◆ DATA FOR ANALYSIS:
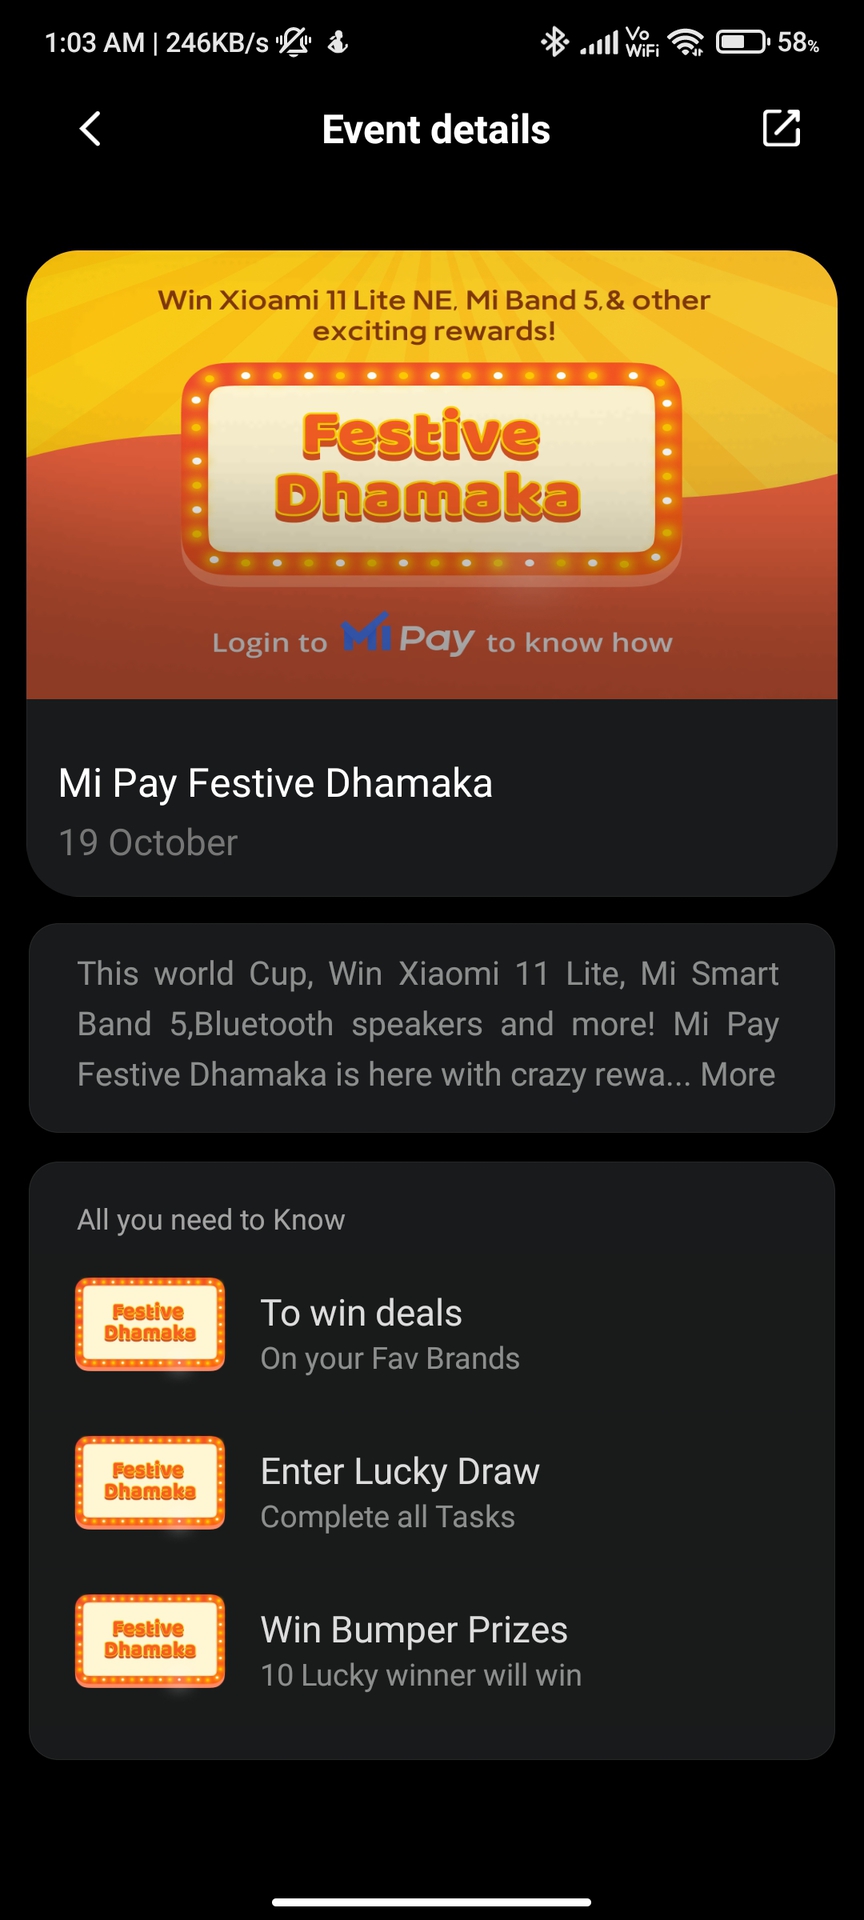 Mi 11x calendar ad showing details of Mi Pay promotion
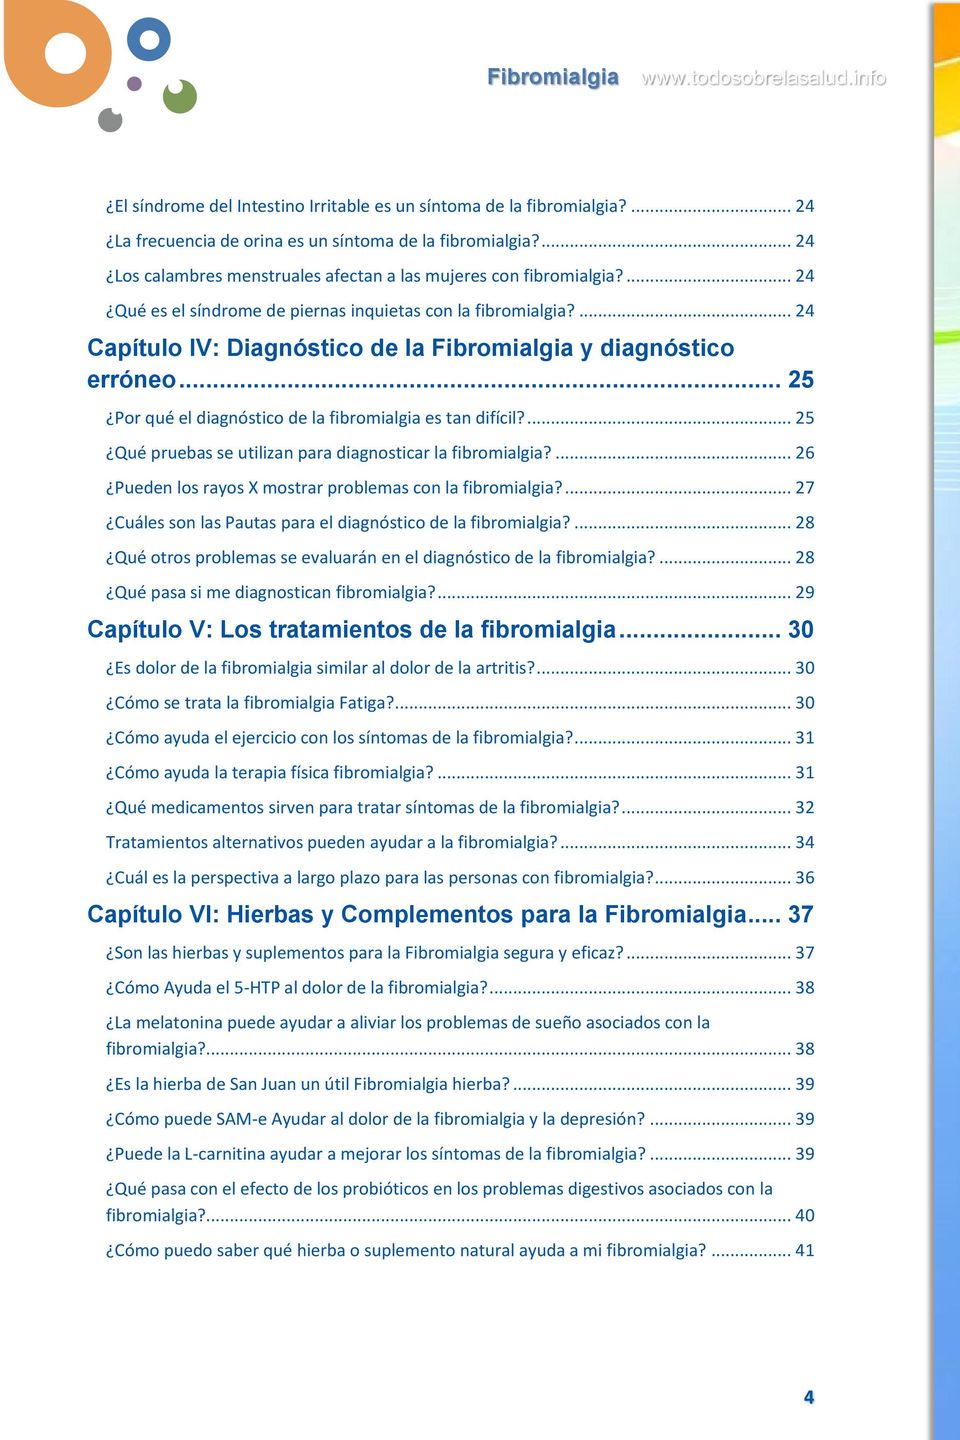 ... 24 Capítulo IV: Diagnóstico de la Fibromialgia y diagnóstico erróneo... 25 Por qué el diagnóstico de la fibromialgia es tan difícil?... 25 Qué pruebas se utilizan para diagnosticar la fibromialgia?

---

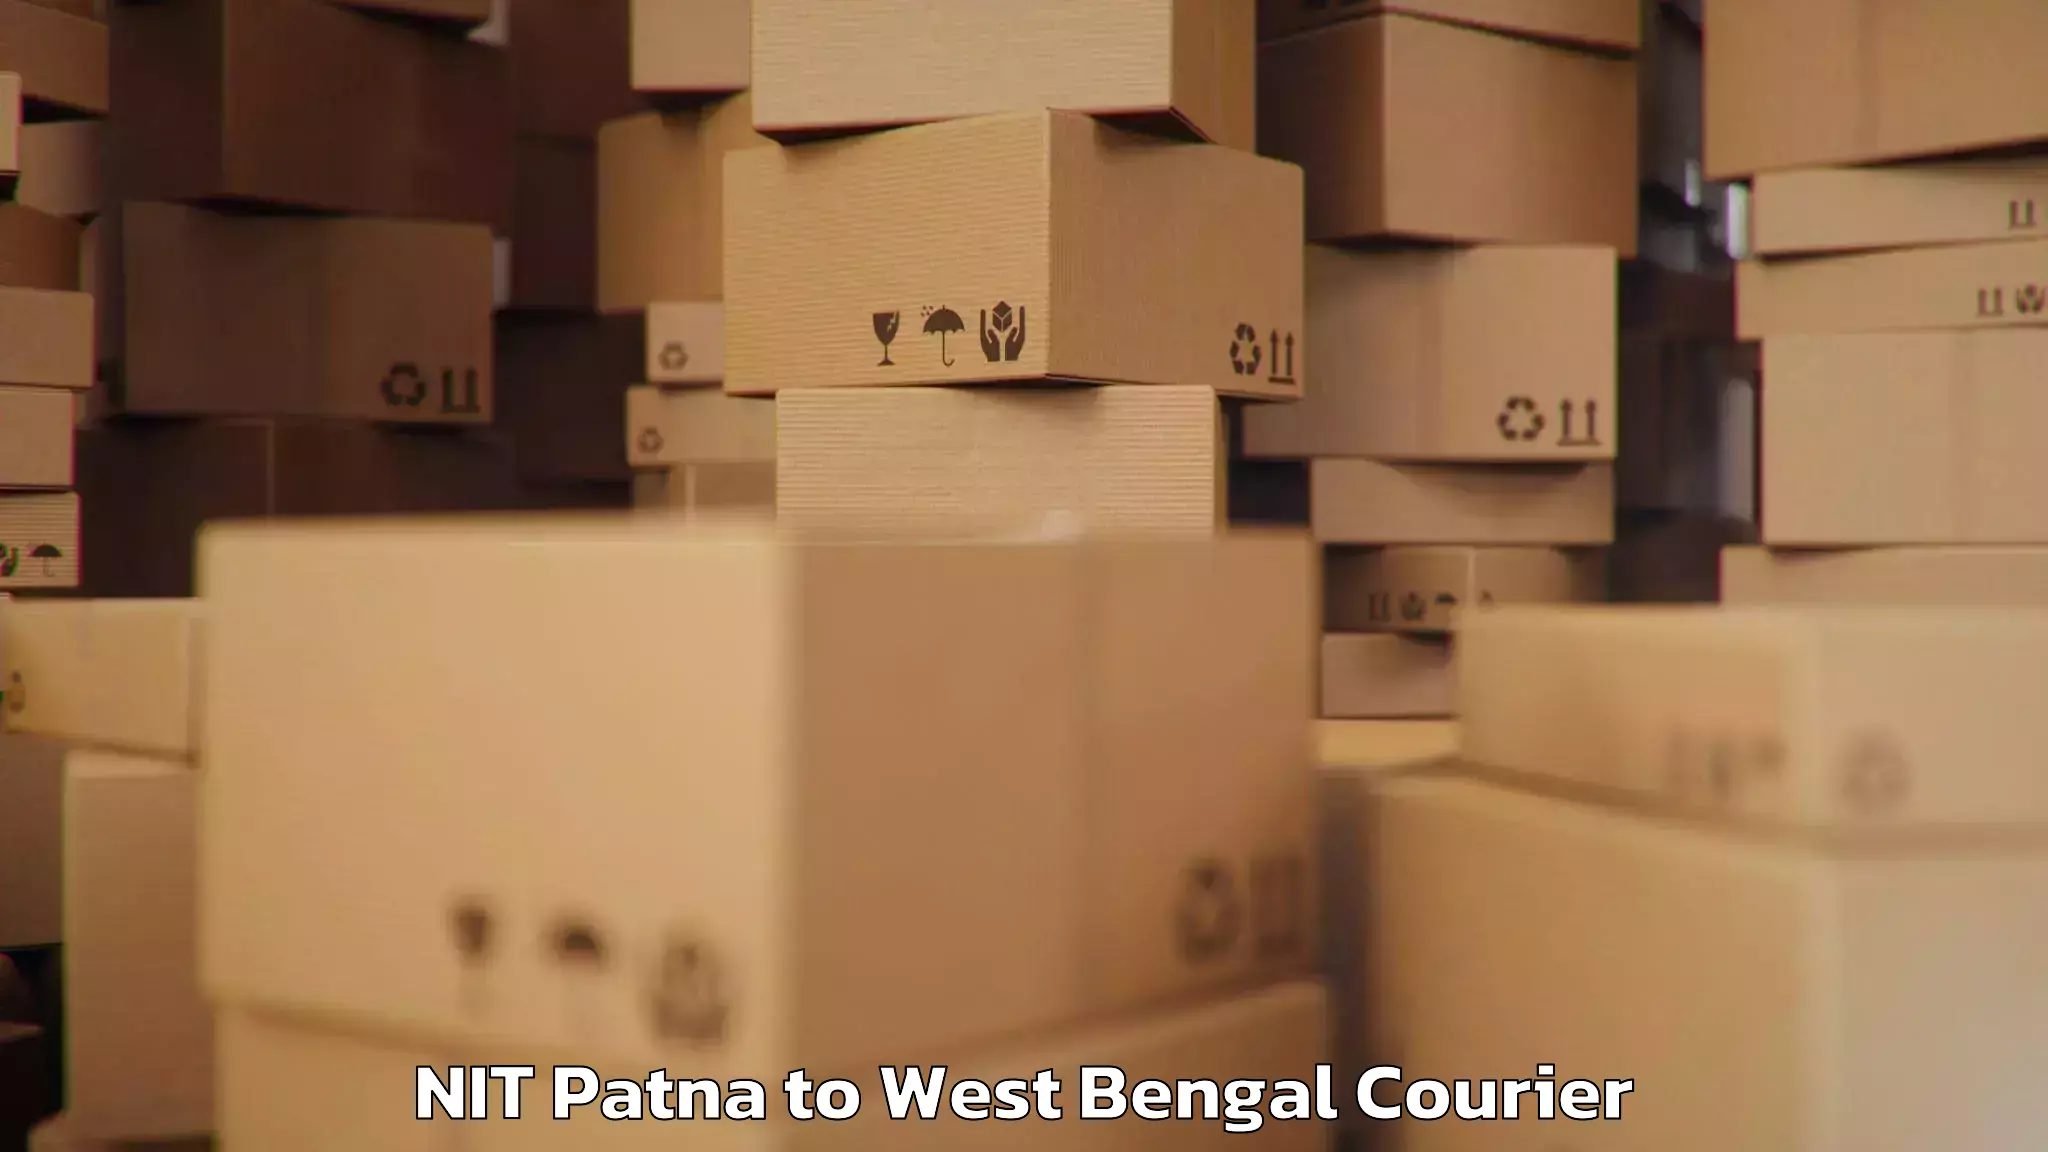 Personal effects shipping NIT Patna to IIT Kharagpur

◆ EXERCISE DESCRIPTION:
From the line holding "Mi 11x calendar" to the line holding "diagnosticar la fibromialgia?", both included, retype the entries above exactly and drop the pictures.

◆ OUTPUT FOR THIS EXERCISE:
 Mi 11x calendar ad showing details of Mi Pay promotion
 ... 24 Capítulo IV: Diagnóstico de la Fibromialgia y diagnóstico erróneo... 25 Por qué el diagnóstico de la fibromialgia es tan difícil?... 25 Qué pruebas se utilizan para diagnosticar la fibromialgia?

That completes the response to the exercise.